AFRICA ECO RACE 2011 : PREMIERE ETAPE AU MAROC

 

 

Arrivés ce mercredi matin par bateau depuis l’Espagne, les concurrents ont fait une petite spéciale de mise en jambes au Maroc, de Nador à Borj Bel Freissat.

180 km de liaison pour arriver à la piste, 150 km de spéciale où, en fin de parcours, de nombreuses pistes parallèles demandent une navigation très précise.

MOTOS : ROULER ENSEMBLE

On a dit ici qu’il ya très peu de motos au départ, et il faut noter que les écarts sont faibles, 8 minutes entre le premier et le troisième. En revanche, si l’on compare avec les chronos des premières autos, on est assez loin du compte, près de 40 minutes.

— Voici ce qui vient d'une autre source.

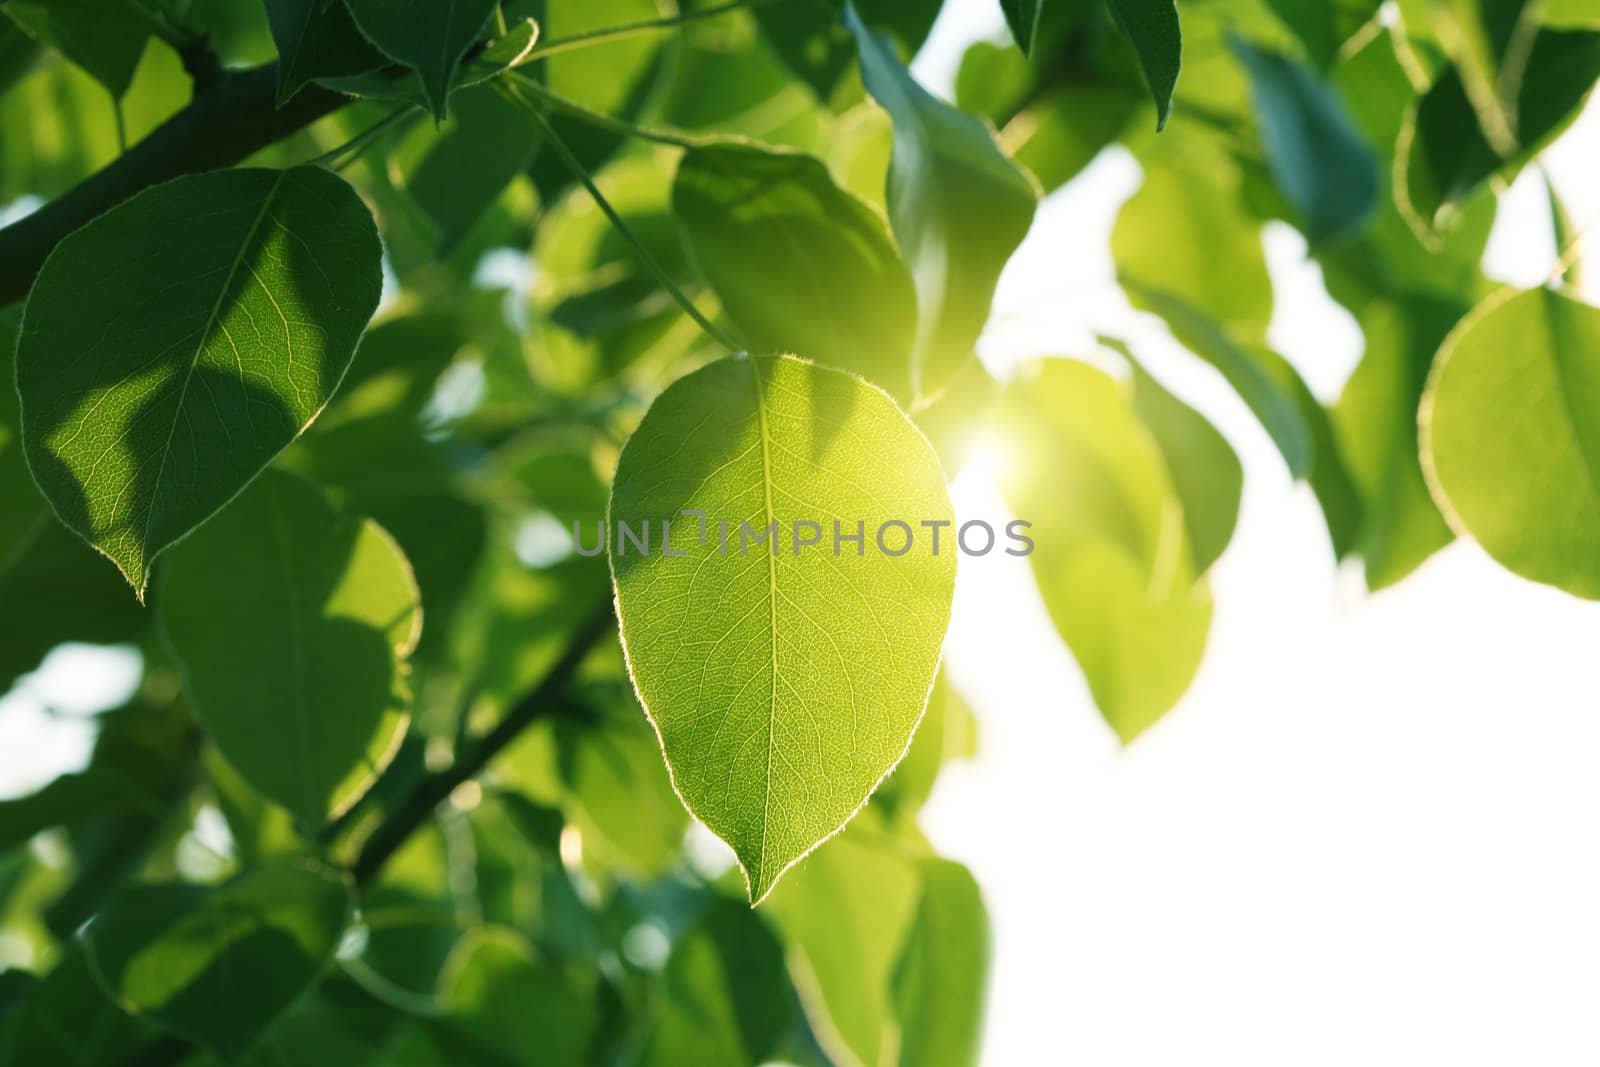 sunlight on green leaves  by rudchenko

Qu’importe, pas d’enjeux industriels on l’a dit, juste envie de se faire plaisir. Les deux KTM de Jobard (127) et Bourgin (105) sont donc en tête de la course, en terminant la première spéciale aux deux premières places, et ce devant la BMW de N’Diaye (107).

AUTOS : LA « TOTALE » DES BUGGIES

Nous avons écrit ici même que cette formidable machine à rouler vite en TT (tout terrain) a été choisie par quasiment la moitié des concurrents en catégorie auto. Et aujourd’hui, sur une étape courte, ces voitures sont pile dans leur élément.  

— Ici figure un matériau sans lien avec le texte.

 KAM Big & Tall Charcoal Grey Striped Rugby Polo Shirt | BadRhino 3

Victoire d’étape et première place au général pour le buggy de Gérard Benielli et Didier Haquette, (306) en 1h48’, jolie moyenne pour 150 km de spéciale !

Cet équipage est en deux roues motrices, et donc ravi d’avoir pu précéder Jean Louis Schlesser,(300) grand favori, de  près de douze minutes !

Régis Delahaye et Alexandre Winocq, (308) sur un buggy préparé par MD Rallye Sports, sont deuxièmes à trois petites minutes des leaders.

L’equipage belge Stéphane Henrard-François Béguin (304) est troisième, à quatre minutes. Les deux buggies Monster-Schlesser de Lethier (303) et Schlesser (300) sont quatrième et huitième de cette spéciale marocaine, avec respectivement six minutes et douze minutes de retard sur le vainqueur du jour.

Commentaire quasi unanime à l’arrivée :

Une étape où on peut jardiner (se perdre et chercher sa route en moulinant pas mal dans le chouff), typique des spéciales tracées par René Metge.

Un commentaire de Jean Louis Schlesser, qui est parti avec une nouvelle équipière, Céline Merle-Béral, nouvelle à deux titres, en place droite avec Jean Louis mais aussi navigatrice pour la première fois.

Beau baptême !

« Cette spéciale était particulièrement difficile en navigation » dit Jean Louis. « Il y avait pas mal de poussière. Le début du tracé était redoutable, étroit, boueux, sinueux et glissant. Ma copilote est totalement débutante, mais elle a malgré tout fait du bon travail et …n’a pas été malade ! Nous nous sommes calés sur le rythme des premiers.  Le Buggy Monster a tourné comme une horloge ! »  

Jean Louis rappelle ici le calvaire que peut être une initiation à la navigation, initiation au très difficile métier de copilote. Bien sûr, il ne faut pas se tromper, savoir déchiffrer le road book sans faire d’erreurs, savoir apprécier le bon moment pour annoncer les difficultés, savoir lire un cap, vérifier le GPS sur les Way Point obligatoires, et comme on a le nez dans les instruments et le road book qui comme son nom l’indique, est un livre, on est en général malade à crever.

Bravo à Céline, qui a dû en baver un max, surtout sur une étape tracée par ce vieux renard du désert qu’est Metge.

HUBERT AURIOL : RENAISSANCE DOULOUREUSE

Il en est des renaissances comme des naissances.

Le « sans douleur » est un truc qui n’existe pas… (Si vous avez un doute, demandez à vos copines qui ont fait des mômes, mais barrez vous à toutes jambes, elles ne vont pas aimer vos questions…)

Hubert Auriol on le sait, fête sur ce rallye une sorte de résurrection.

Pour faire vite, disons juste que les galères juridiques ont succédé à des passages à vide sportifs.

Donc, sur cet Africa Eco Race, Hubert a pris le départ avec une machine, un buggy Predator, importé des USA par son ami Thiery Charbonnier, un engin extrêmement performant.

Hubert a malheureusement cassé une rotule, qui est toujours le point faible d’une suspension de course. Il a dû changer sur la piste, il est excellent mécanicien mais c’est une pièce importante, que l’on n’a pas forcément à bord.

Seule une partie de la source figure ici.